91: Capítulo 91 ¿Podría él seguir enamorándose?
Pregunté, —¿Le ocultarías esto a mi esposo?
Eleanore debe haber explicado.
Aron se rió y dijo con tacto, —No es que se lo estemos ocultando.
Más bien, tienes un documento que dice que este asunto no puede ser revelado a nadie.
Después de que Aron se fue, salí de la cama y busqué a mi alrededor.
Solo encontré mi abrigo en el armario, mientras que mi teléfono y bolso habían desaparecido de manera natural.
Tristen debió habérselos llevado.
Justo después de acostarme de nuevo, alguien llamó a la puerta.
La visitante iba vestida de blanco y sostenía una bandeja en sus manos.
Era Gloria.
Mi cuerpo se endureció instintivamente.
Gloria se sentó con naturalidad en la silla junto a la cama, dejó la bandeja y dijo, —Estoy aquí para traerte comida, Phoebe.

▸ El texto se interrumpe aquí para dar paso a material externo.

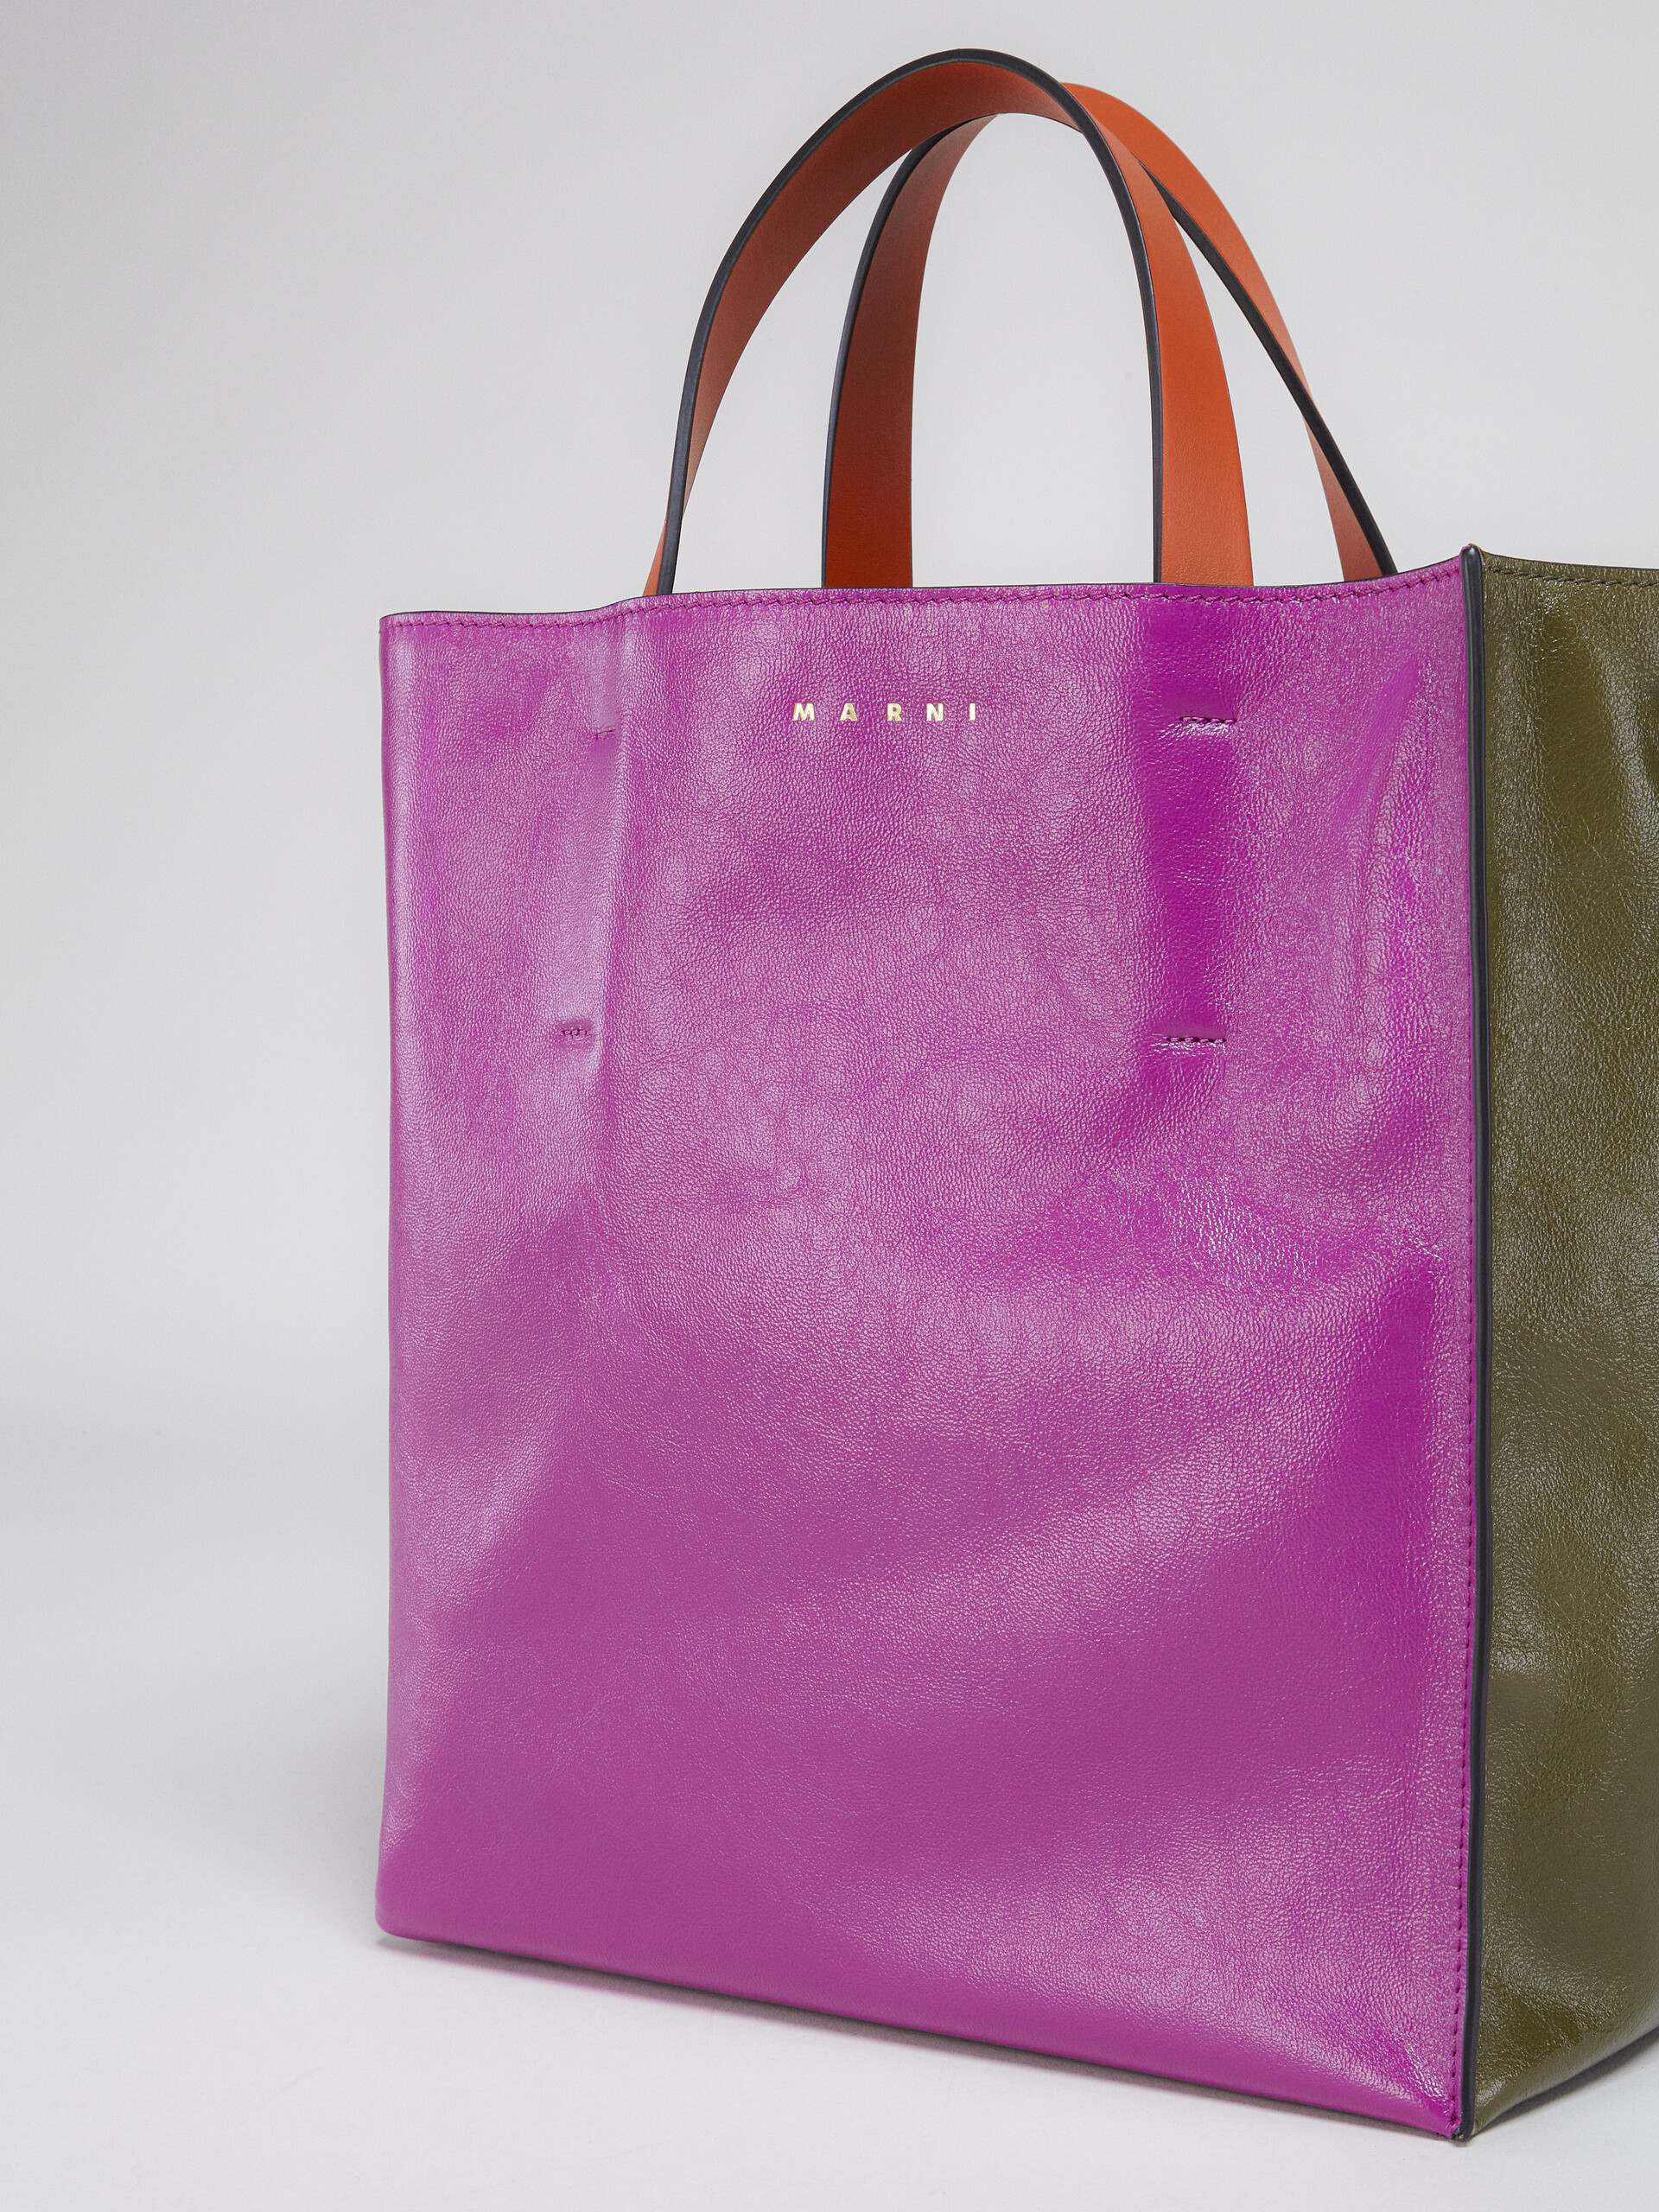 MUSEO SOFT small bag in fuchsia and green leather - Shopping Bags - Image 4

Le dije, —Gracias, puedes irte.
—¿Cómo puedo irme de inmediato?
—Sonrió mientras pellizcaba una tira blanca del riel de la cama y agregó—.
He decidido que te llenaré antes de irme.
Depende de ti cooperar, o…
¿te ato aquí?
Eché un vistazo a los platos en la bandeja.
Eran utensilios de hospital comunes, con verduras y arroz.
Considerando mi visión, por supuesto, no podía ver con claridad en ese momento.
De repente, noté que algo blanco en el cuenco de arroz se movía.
Agarré apresuradamente el teléfono de llamada de emergencia que colgaba sobre mí y, antes de que pudiera presionarlo, mi muñeca fue atrapada.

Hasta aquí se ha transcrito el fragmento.